## How to complete this task
For any picture in the lines below, please leave it out and copy the rest exactly.

(Supplied information Opens)

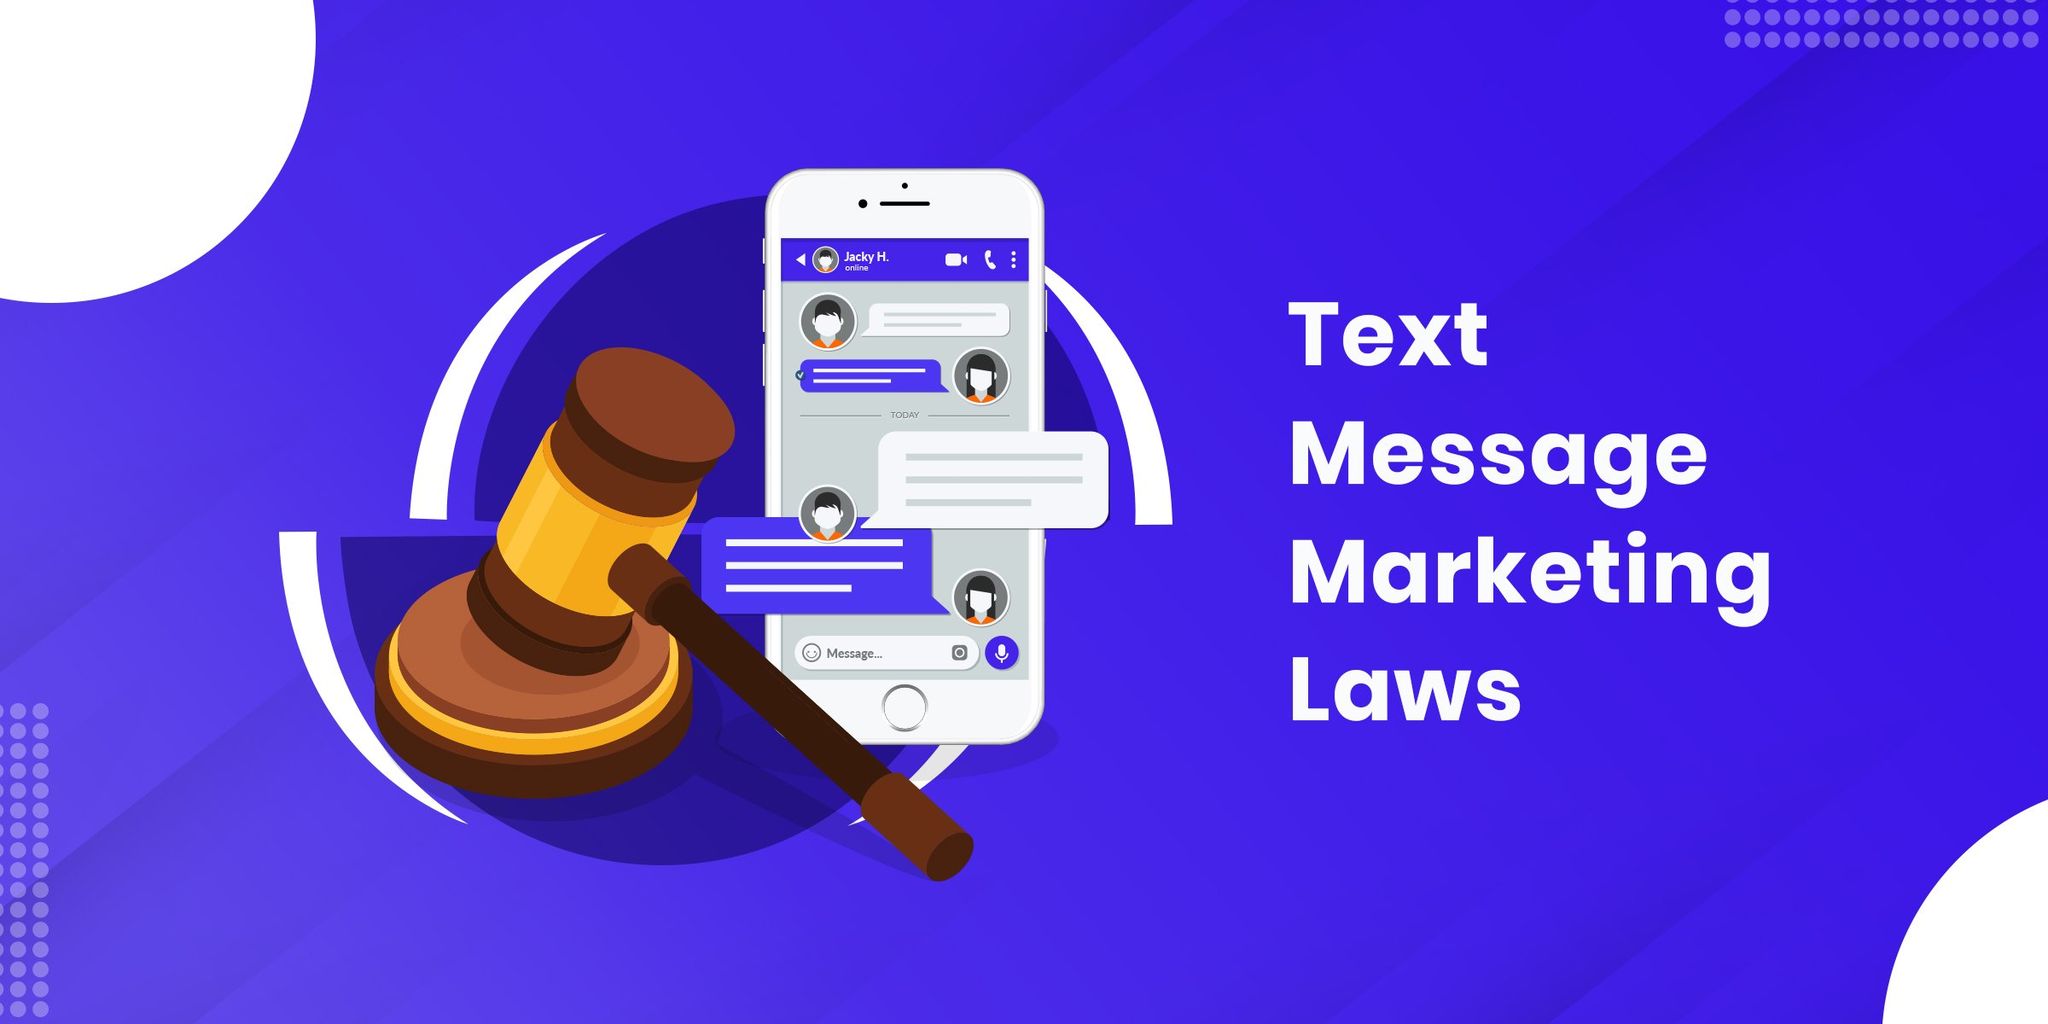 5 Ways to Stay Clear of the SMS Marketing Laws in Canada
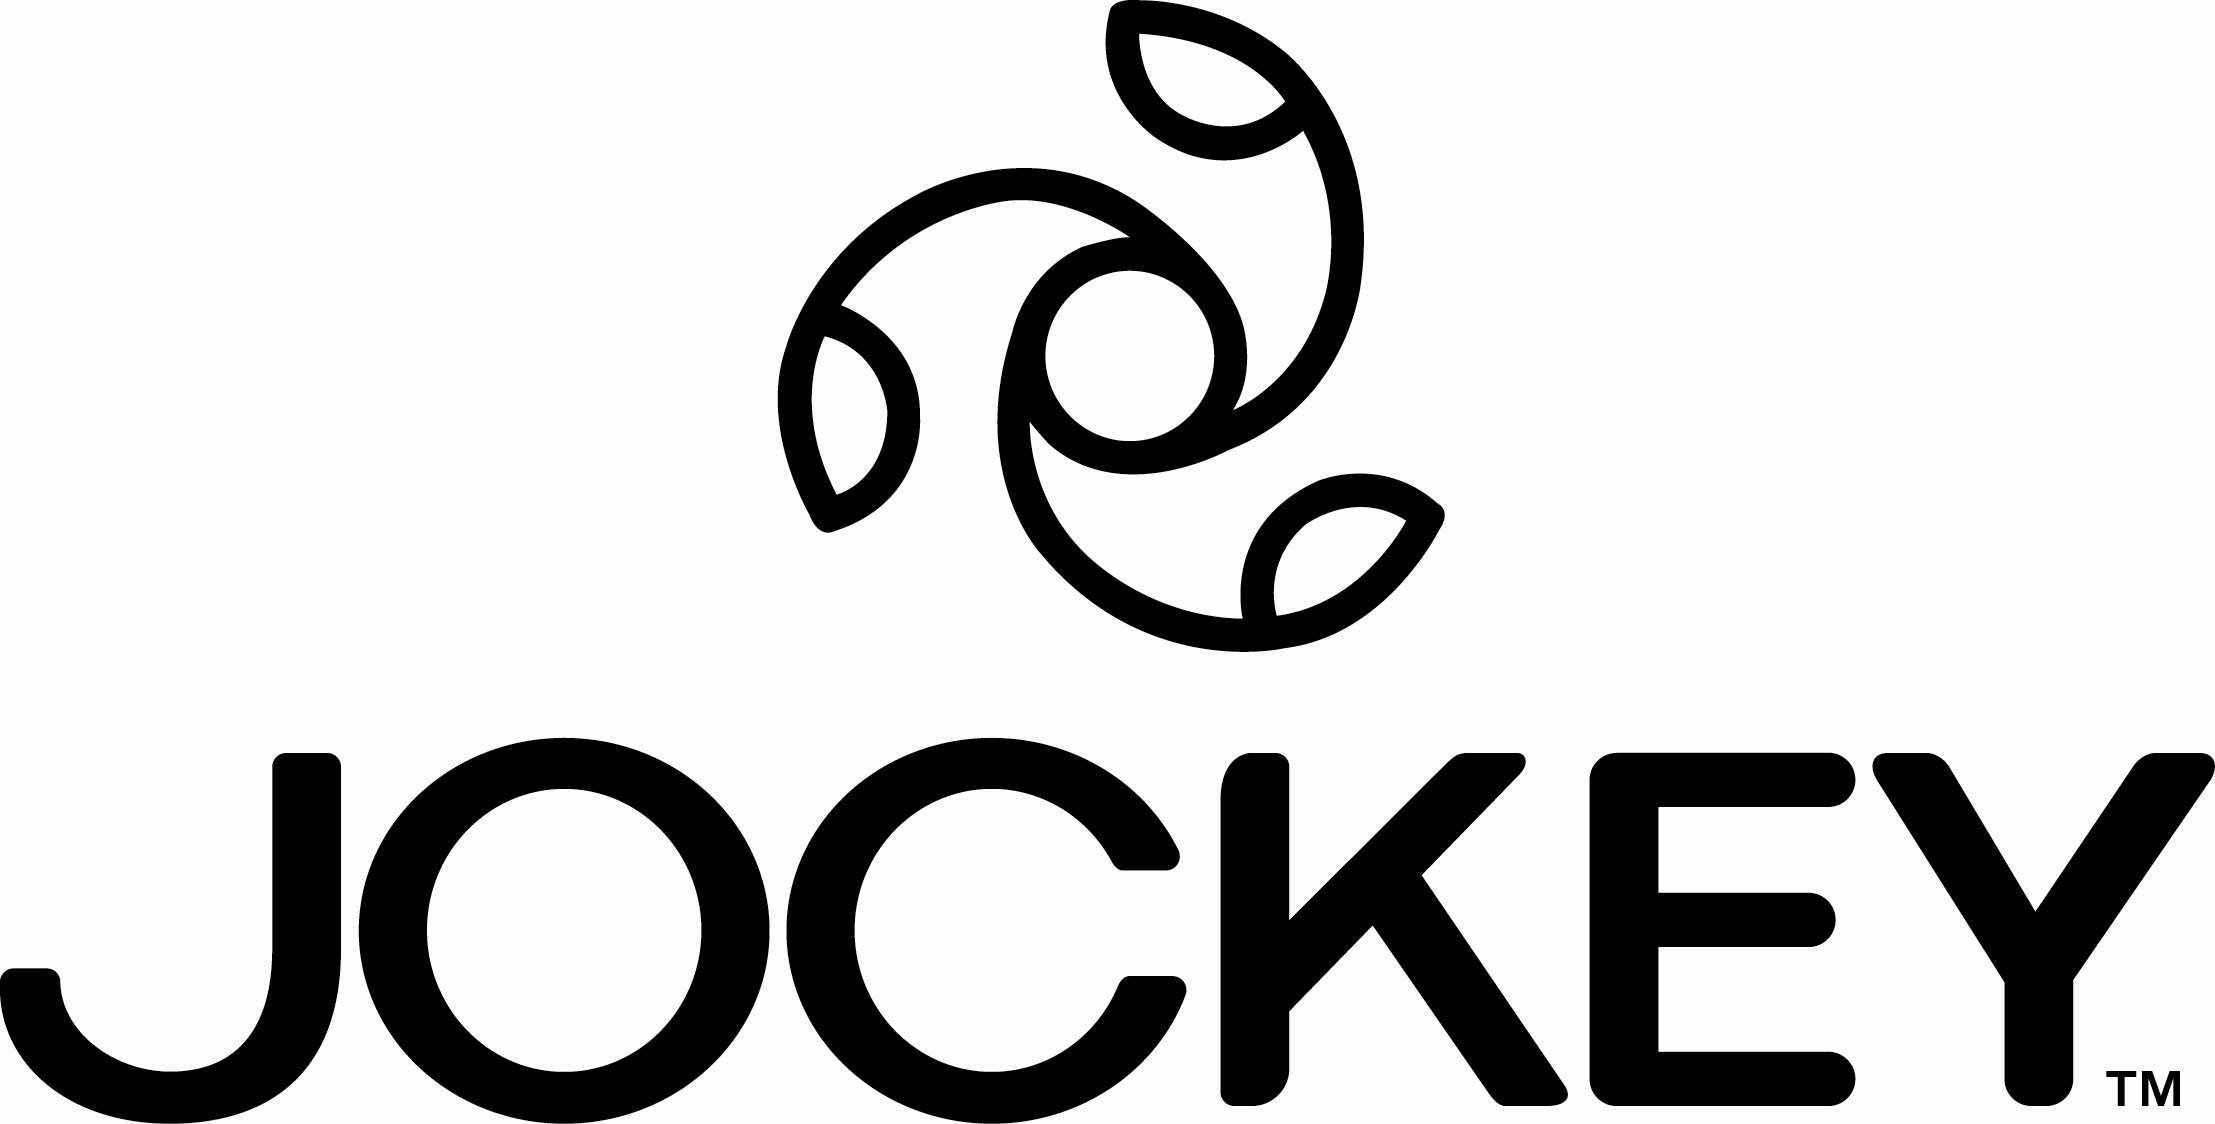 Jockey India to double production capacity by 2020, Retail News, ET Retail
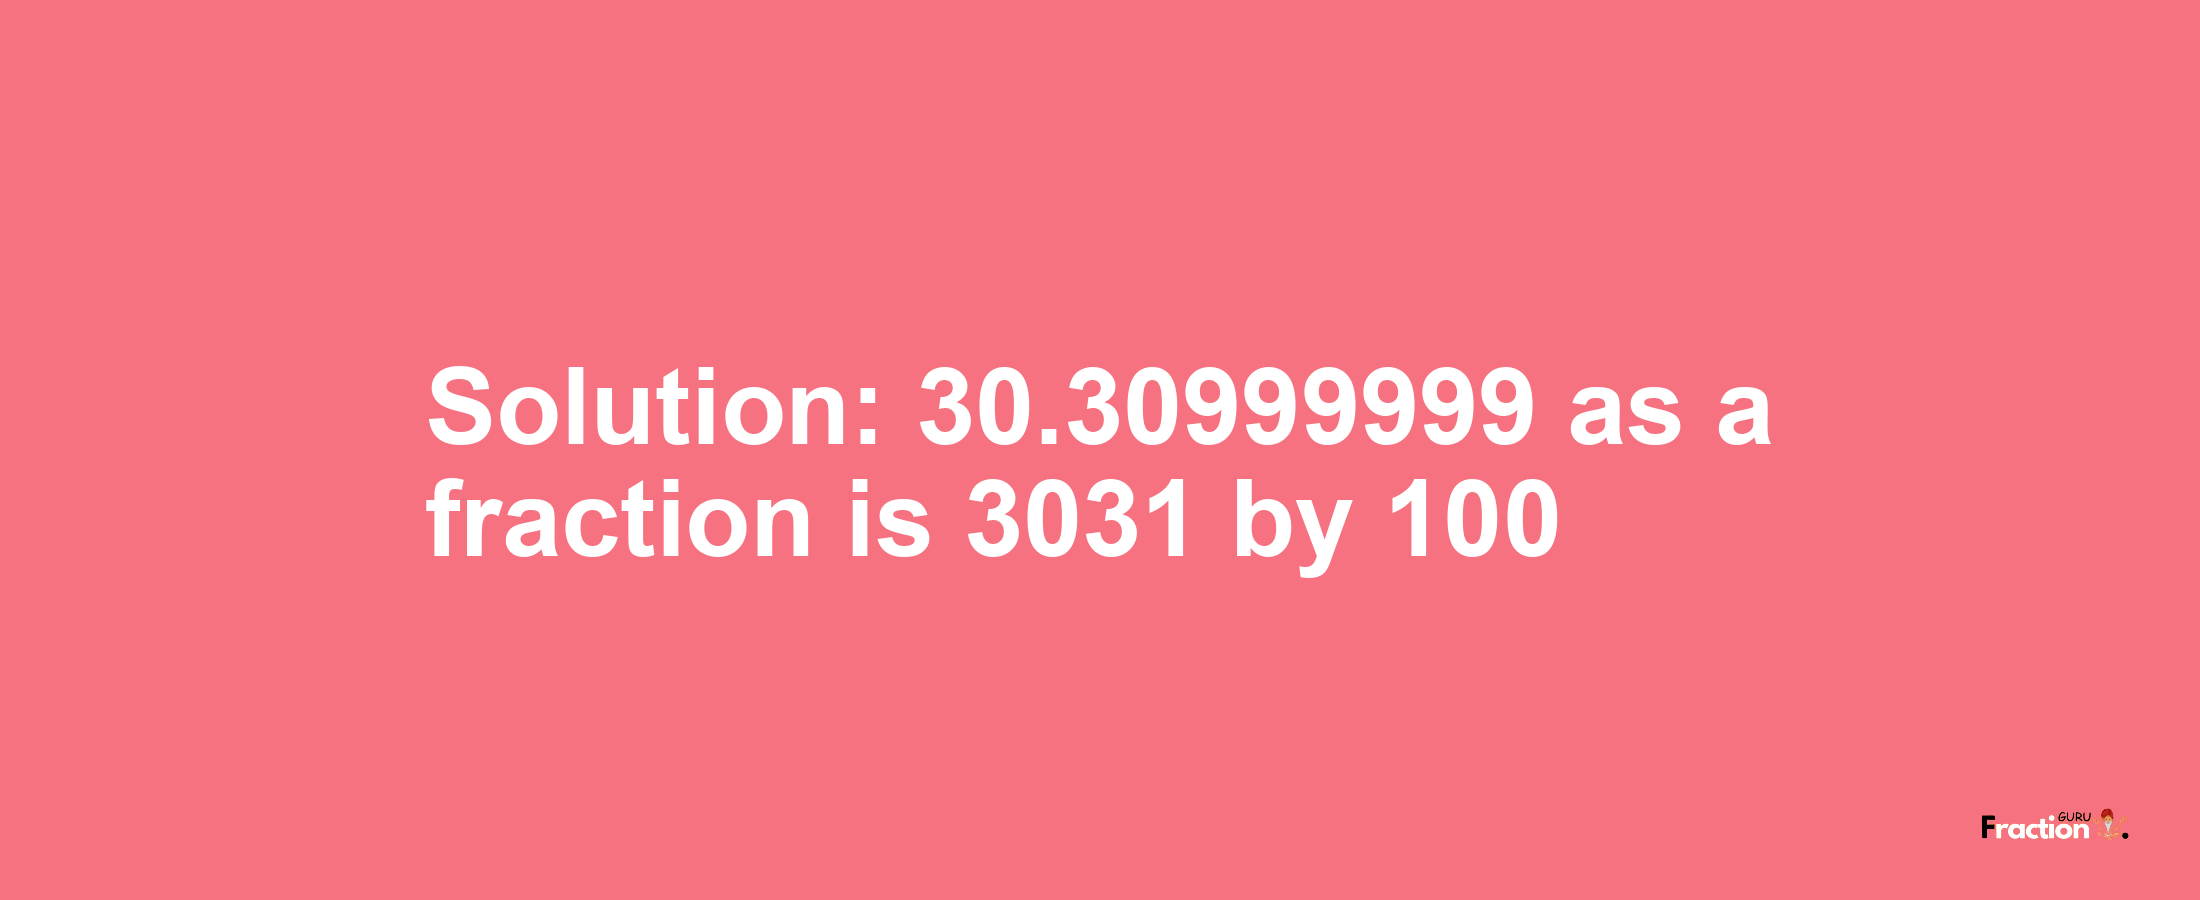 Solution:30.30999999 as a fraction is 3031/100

(Supplied information Closes)

## Exercise answer
 5 Ways to Stay Clear of the SMS Marketing Laws in Canada
 Jockey India to double production capacity by 2020, Retail News, ET Retail
 Solution:30.30999999 as a fraction is 3031/100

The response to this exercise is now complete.